En bioinformática, el término k-mero se utiliza para describir una secuencia de nucleótidos de una cierta longitud “k”. Al definir y contar dichas secuencias, los investigadores pueden cuantificar secuencias repetitivas en el genoma que están estudiando y asignarlas a las posiciones correspondientes. Ya en 2014, investigadores de IPK en Gatersleben utilizaron este enfoque para desarrollar la herramienta in-silico (basada en computadora) “Kmasker”. Este programa se utilizó para detectar repeticiones en la caracterización del genoma de la cebada (Schmutzer et al., 2014).
El uso de NGS es cada vez más importante, pero la composición libre de errores de genomas complejos a partir de los resultados de NGS sigue siendo un desafío. Por esta razón, los investigadores decidieron recientemente revivir y ampliar este proyecto inicial de prueba de concepto. Bajo la dirección del Dr. Thomas Schmutzer, anteriormente perteneciente al grupo de investigación "Bioinformática y Tecnología de la Información" en IPK y ahora afiliado a la MLU, científicos de la MLU, el IPK, la Universidad de Wageningen & Research y el IPB Halle trabajaron en estrecha cooperación en el rediseño y desarrollo de “Kmasker plants”. Esta colaboración fue apoyada en gran medida por los dos centros de servicio "GCBN" y "CiBi" de la Red Alemana de Infraestructura Bioinformática "de.NBI".

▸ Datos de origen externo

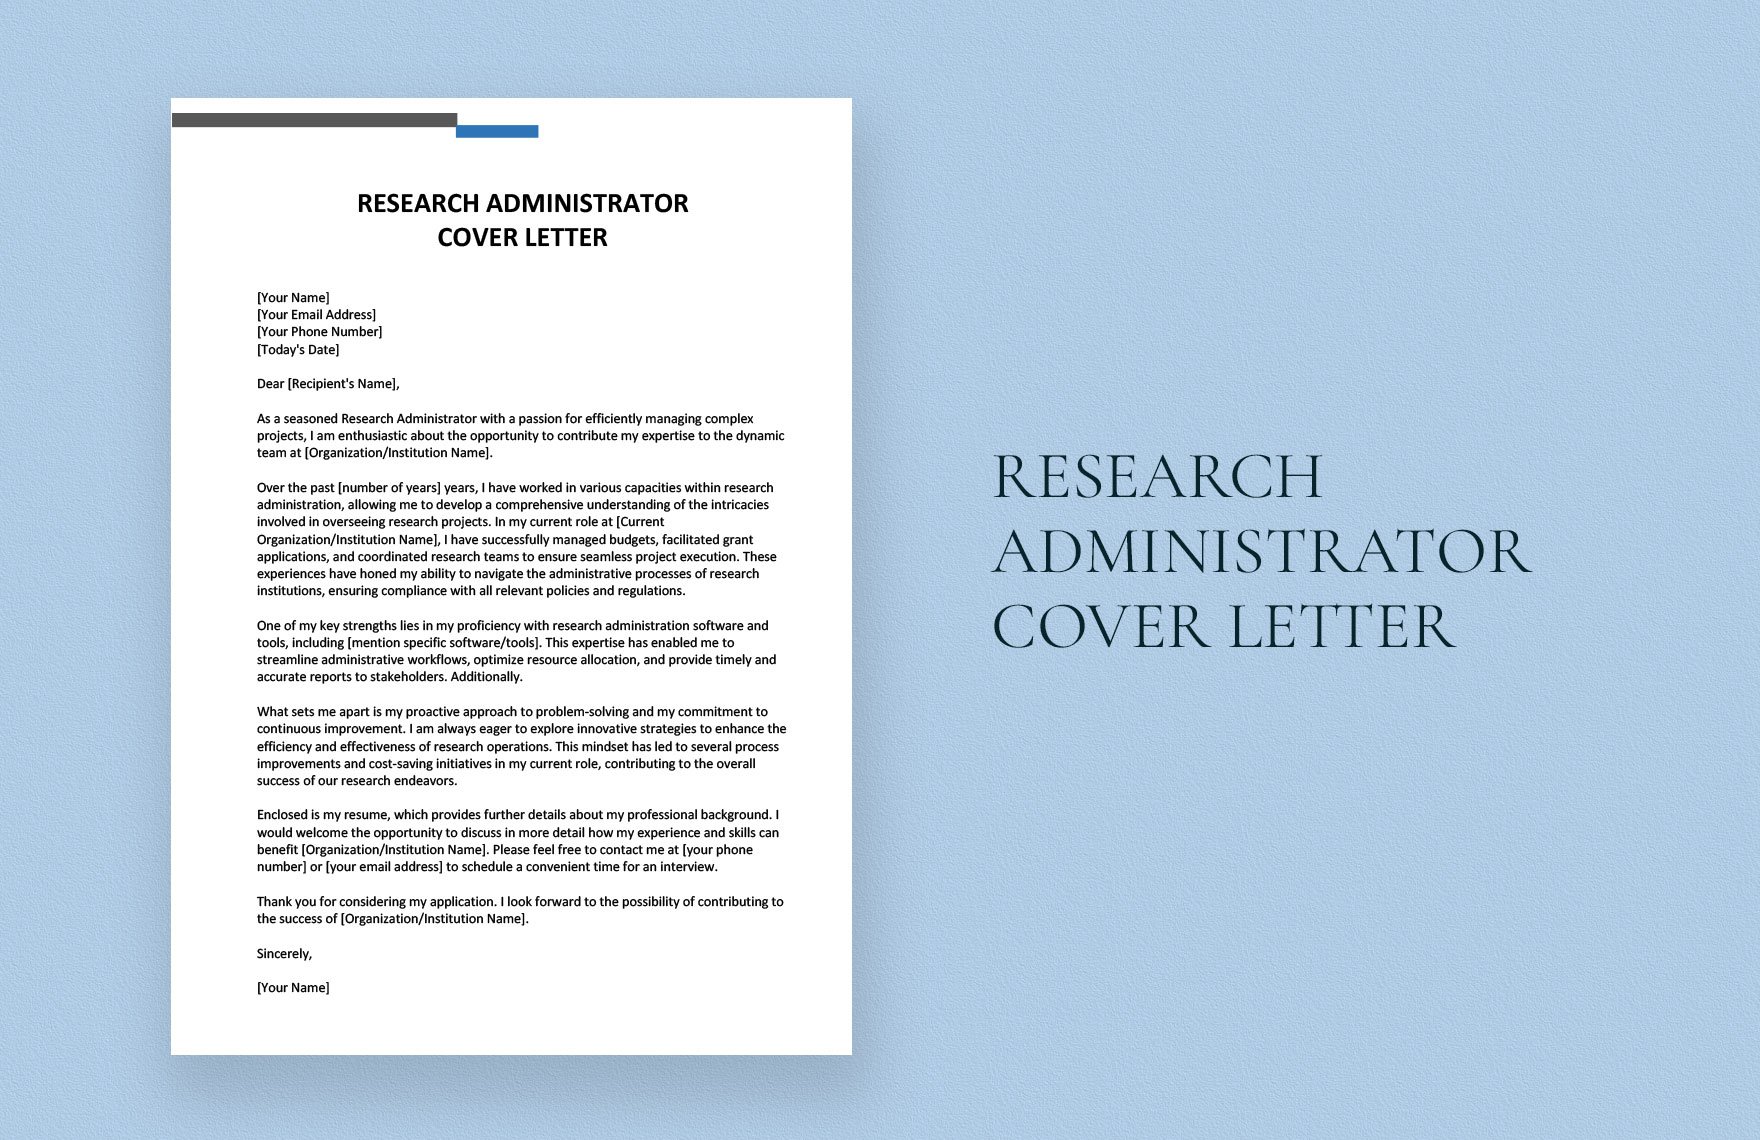 research-administrator-cover-letter

El “Kmasker plants” permiten el filtrado rápido y libre de referencias de secuencias de nucleótidos utilizando k-meros derivados de genomas. En extensión a la versión anterior, la herramienta bioinformática ahora también permite estudios comparativos entre diferentes cultivares o especies estrechamente relacionadas, y apoya la identificación de secuencias adecuadas como sondas fluorescented para hibridación in situ (FISH) o ARN guía específicos de CRISPR/Cas9. Además, “Kmasker plants” se ha publicado con un servicio web que contiene los índices precalculados para plantas de cultivo de importancia económica, como la cebada o el trigo. El Dr. Schmutzer hace hincapié en que “esta herramienta permitirá a los investigadores de plantas de todo el mundo, probar los genomas de las plantas y, por lo tanto, por ejemplo, identificar partes libres de repetición de su secuencia de interés”. El grupo cree que las características mejoradas del programa permitirán detectar regiones candidatas de secuencia que se han multiplicado en el genoma de una especie, pero que faltan en otras especies o se producen en números de copia más pequeños. Este es un efecto común que contribuye a la variación fenotípica de importancia agronómica en varios cultivos. Un ejemplo significativo es el gen Vrn-H2, que está presente en una sola copia en cebada de invierno, mientras que falta en las líneas de primavera.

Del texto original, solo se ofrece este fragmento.